**Collected data:**
>>

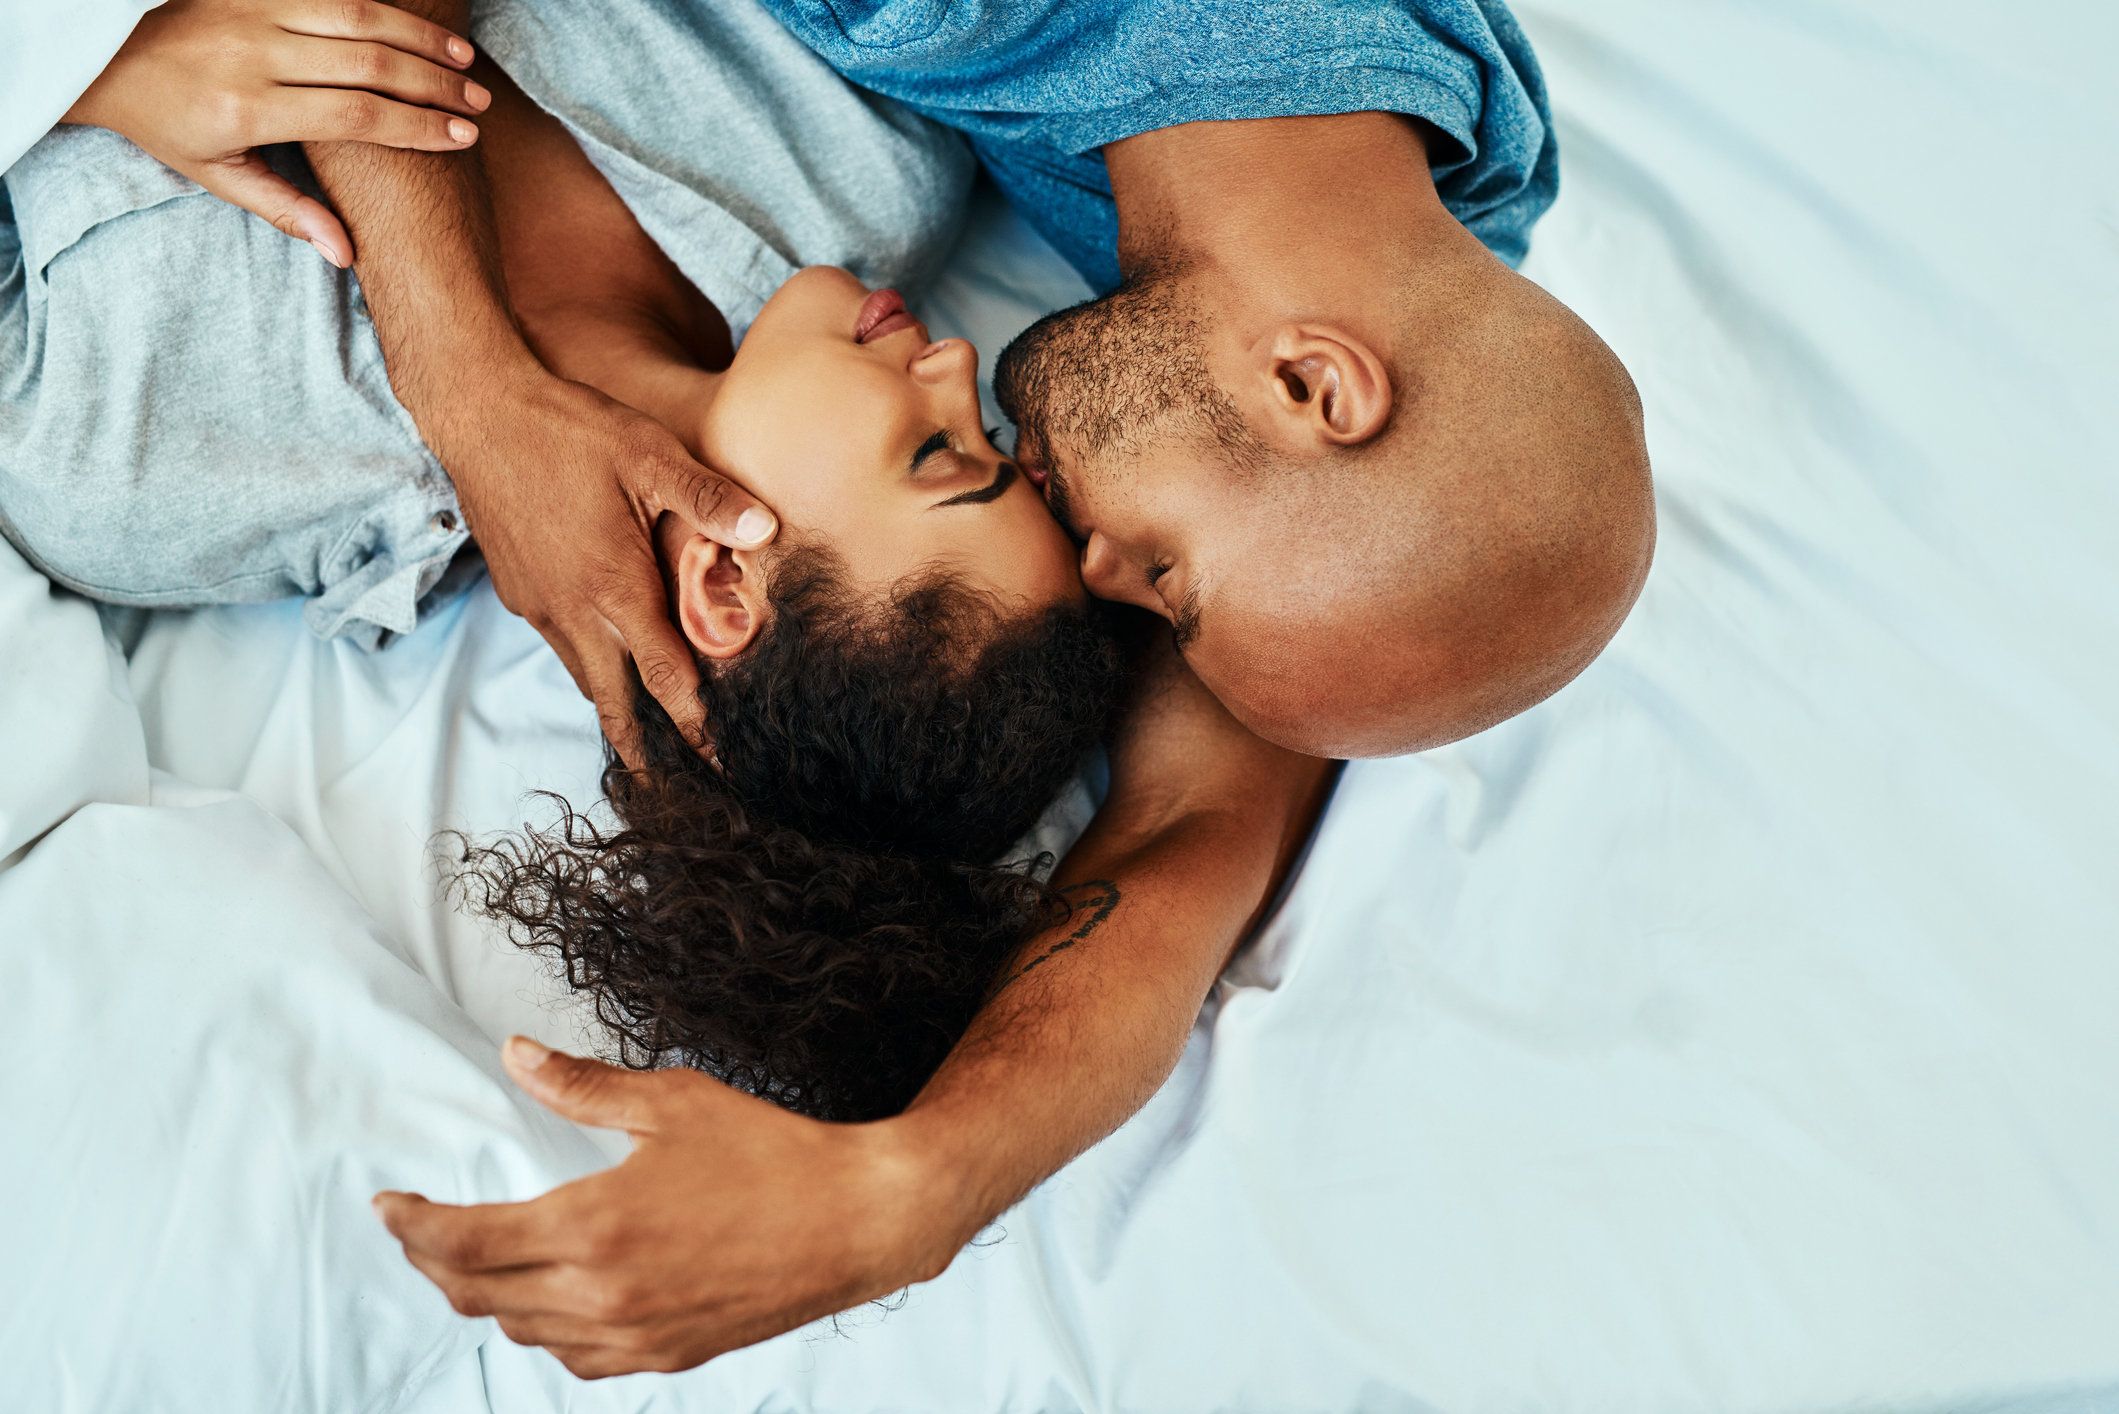 10 Married Couples Share The Keys To Their Totally Off-The-Chain Sex Life pic
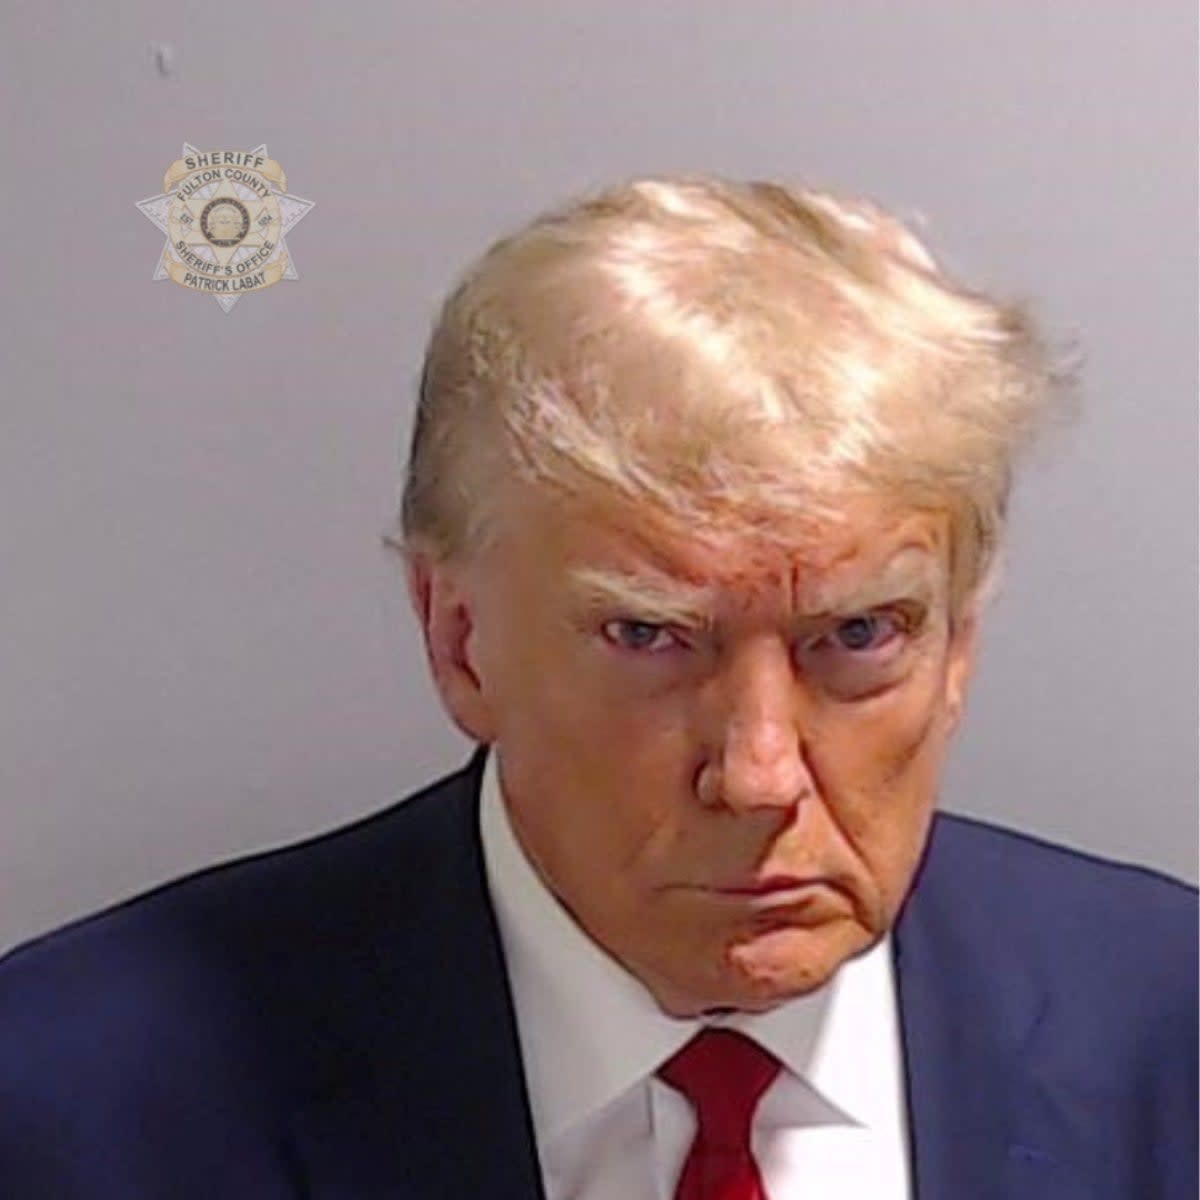 Donald Trump’s police booking mugshot released by the Fulton County Sheriff’s Office (via REUTERS)
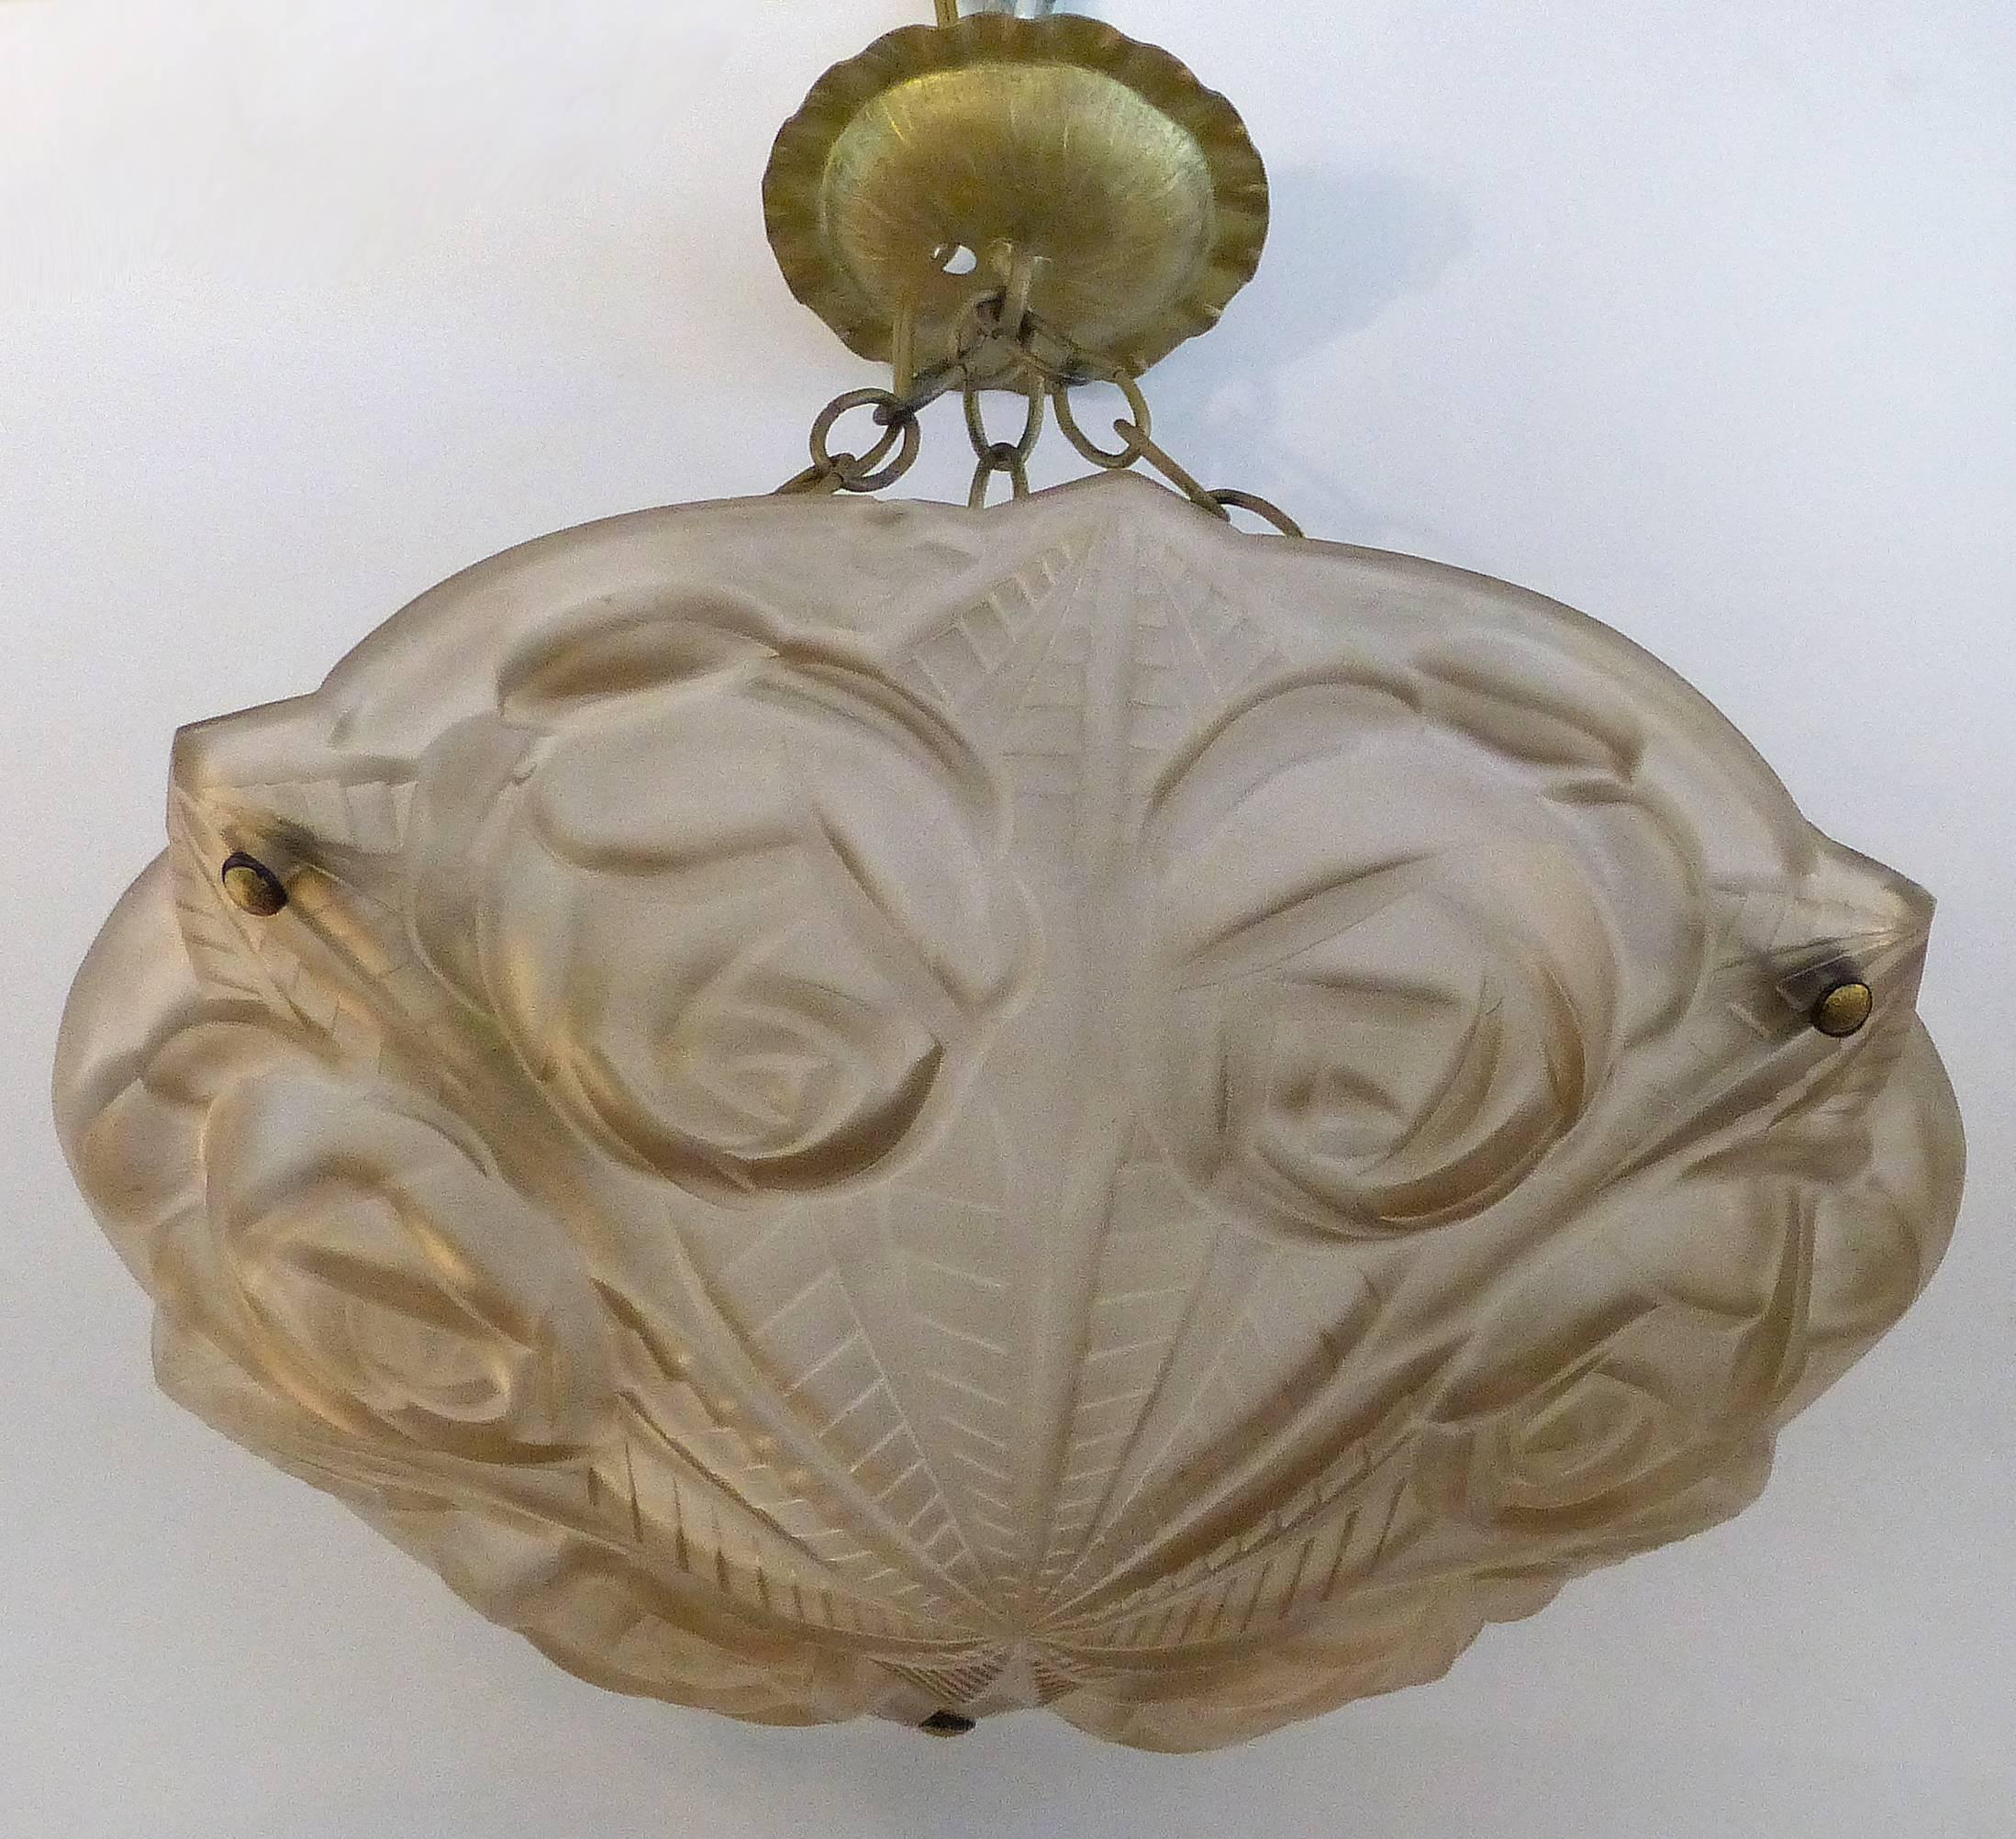 Degue French Art Deco Cast Mauve Glass Pendant Chandelier, Signed, circa 1930

Offered for sale is a French Art Deco pendant light fixture signed Degue, circa 1930. The cast glass has a floral pattern with roses and is etched with the Degue

<<

**What is required:**
Return all the data exactly, pictures omitted.

**Written answer:**
 10 Married Couples Share The Keys To Their Totally Off-The-Chain Sex Life pic
 Donald Trump’s police booking mugshot released by the Fulton County Sheriff’s Office (via REUTERS)
 Degue French Art Deco Cast Mauve Glass Pendant Chandelier, Signed, circa 1930

Offered for sale is a French Art Deco pendant light fixture signed Degue, circa 1930. The cast glass has a floral pattern with roses and is etched with the Degue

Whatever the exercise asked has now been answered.